Today, the FDA approved patiromer for oral suspension, to be marketed as Veltassa, to treat hyperkalemia, which results when potassium levels in the blood become too high.

The drug fills a void to treat roughly 3 million people who experience the build-up of potassium in the blood that places them at greater risk of heart arrhythmia.

Patiromer, a powder that mixes with water to create a tasteless, odorless liquid that patients drink once a day, brings potassium under control, giving kidney and heart disease patients the ability to be treated with RAAS inhibitors. The thought is that by using patiromer, patients will be able to take RAAS inhibitors and keep kidney disease from progressing, thus avoiding dialysis.

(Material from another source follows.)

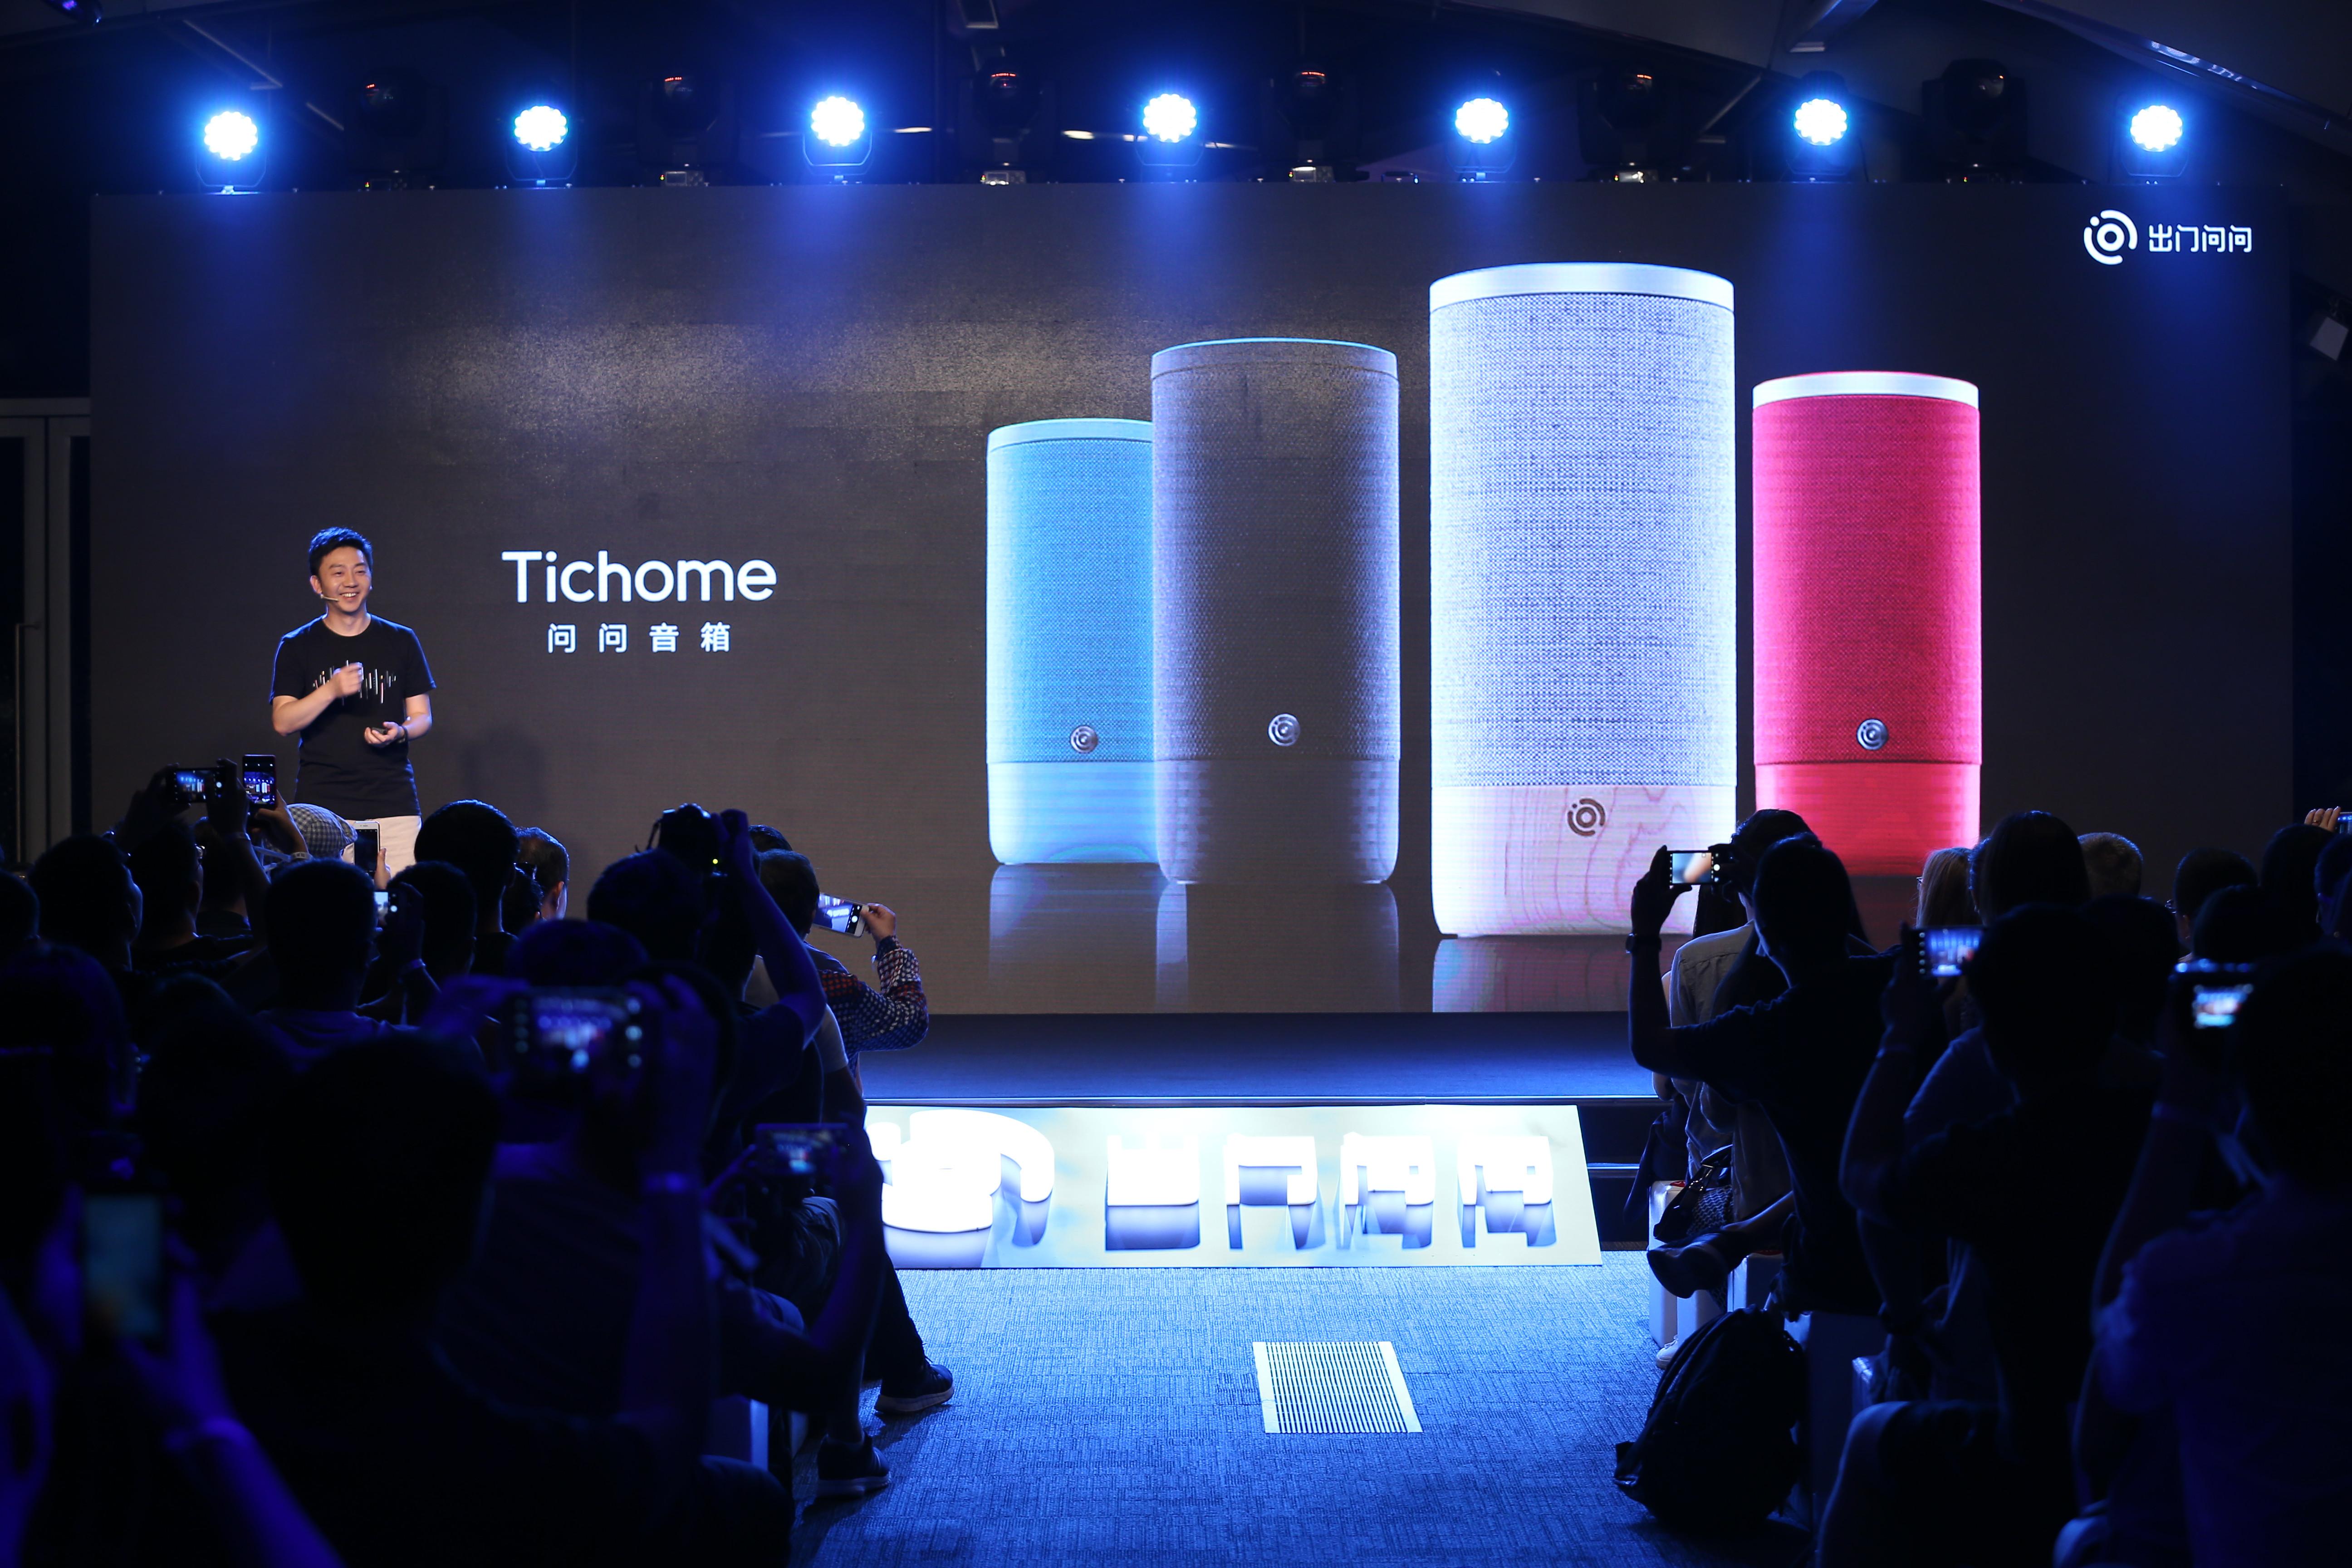 出门问问发布问问音箱Tichome 设计简约智能领先

The drug is of interest to those with chronic kidney disease, including those with diabetes.

In approving patiromer, FDA’s Norman Stockbridge, MD, PhD, director of the Division of Cardiovascular and Renal Products in the Center for Drug and Evaluation Research, said, “Too much potassium in the blood can lead to dangerous, even fatal, changes in heart rhythm. It’s important to have treatment options for hyperkalemia available to patients.”

The drug works by binding potassium in the gastrointestinal tract; the potassium is then exited from the body through the normal excretion process. The most common adverse reactions in clinical trials were constipation, decreased magnesium levels in the blood, diarrhea, nausea, flatulence, and abdominal discomfort.

Patiromer carries a boxed warning because it binds with other orally administered drugs, which could decrease their absorption and reduce their effects. Other drugs should be taken 6 hours apart from patiromer.

The drug is manufactured by Relypsa.